Search before you make a thread - looks quite complicated, probably not worth it.
Xda Thread


----------



## wamiqali (May 16, 2012)

*Here is a way! According to what I know!*



Biswajyoti said:


> _Is there any way to run exe file in android with the help of cross platform/layer such as "wine layer" in Linux????_

Click to collapse



What you can do is this, to run Ubuntu image on your android using any custom ROM kernel as the base i-e Cyanogen Mod! To have this you need to get the required *Ubuntu image* and also *Busy box* installed, Go to Google Play and search for  *ubuntu installer* or something like this, there will be a free installed for android by XDA member, Grab that! Install that! Get *Busy Box installer* too from market! and install busy Box tools using that! After that open ubuntu installer read the instructions and using them you will be able to run ubuntu on your android phone using same base kernel.
Simply after having ubuntu on your screen  go back to command application in your android phone *Terminal Emulator* and install wine using command sudo apt-get install wine amm! I don't remember the name exactly you need wine and wine trick both  lol! Well Google this command and try this method it will help you! Best Of luck!
Don't forget to hit thanks after this valuable information! LOL


----------



## Biswajyoti (May 17, 2012)

*Great idea.....Thanks a lot....i will try this ...*


----------



## 74274265j (Jun 23, 2012)

*Did it Worked???*



Biswajyoti said:


> *Great idea.....Thanks a lot....i will try this ...*

Click to collapse



Hey could you tell me if that worked.


----------



## illuminatic (Jun 23, 2012)

why do you want to run exe on android????
you have all the required apps in google play


----------



## spooky_ghosty (Jun 23, 2012)

*Make sure it doen't ruin your phone/tablet*



Biswajyoti said:


> *Great idea.....Thanks a lot....i will try this ...*

Click to collapse



Be careful not to damage ur phone/tablet bcuz running an .exe file on Linux (well in my case I don't wanna say about the others) created some stinky file that corrupted my Linux distribution (ubuntu) so I had to go to recovery everytime to restore it... On the other hand u have everything u need on the market or on google if the market banned it or something.
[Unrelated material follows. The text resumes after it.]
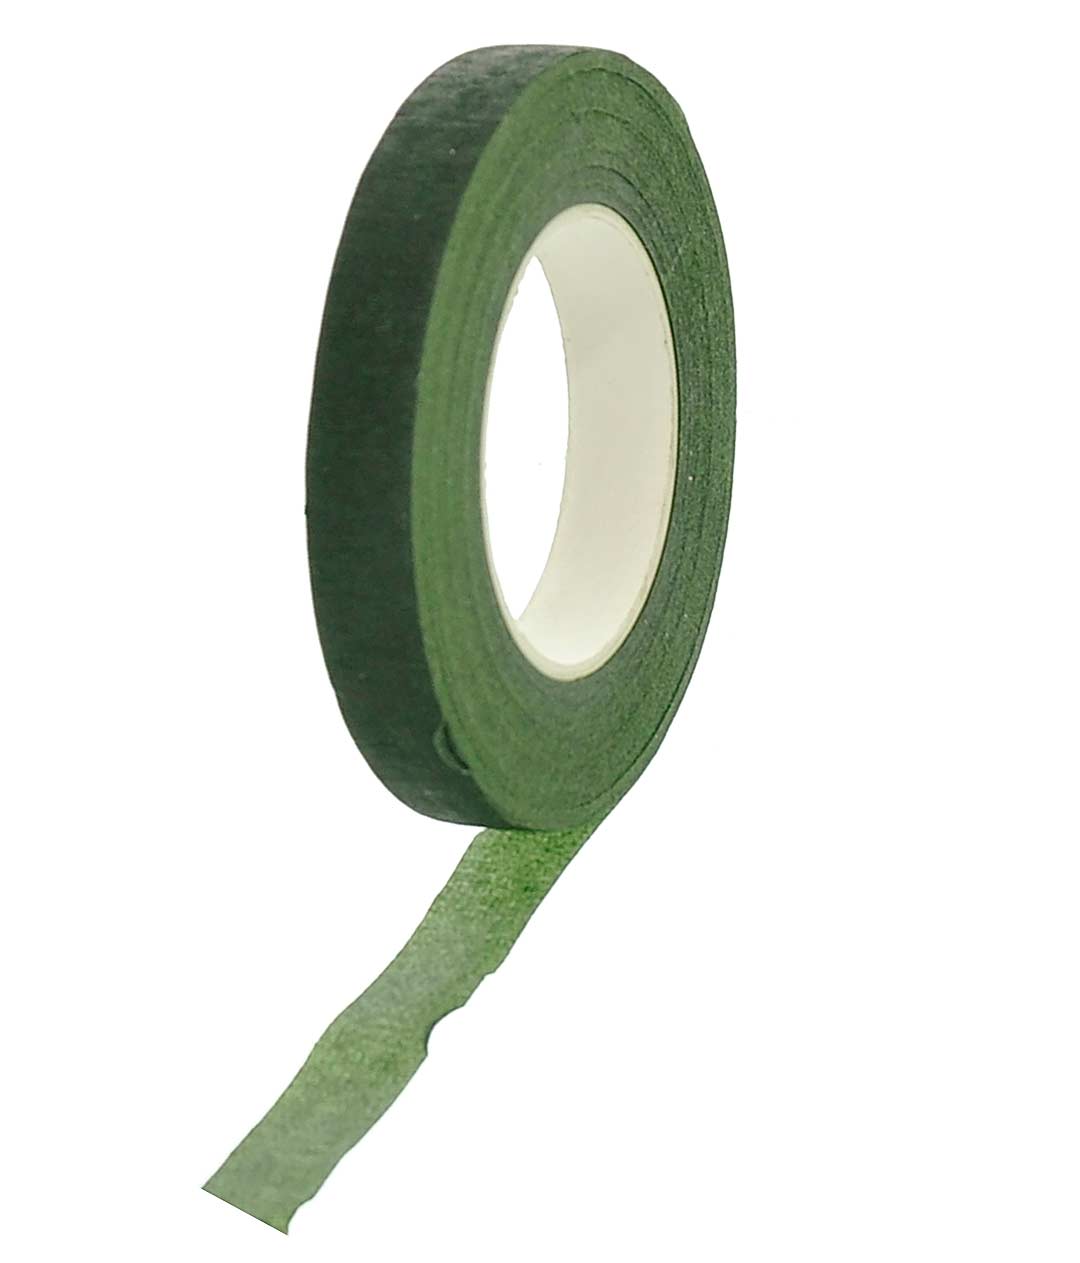 Изображение Тейп-лента зеленый мох

Just be careful.


----------



## aman765 (Nov 29, 2014)

74274265j said:


> Hey could you tell me if that worked.

Click to collapse





illuminatic said:


> why do you want to run exe on android????
> you have all the required apps in google play

Click to collapse



Do you have to have the custom kernal. Also how do you do this? (Noob).
Jf someone was to just make an app that let you run exe files they could probobly charge so much since its like impossible to do it.


----------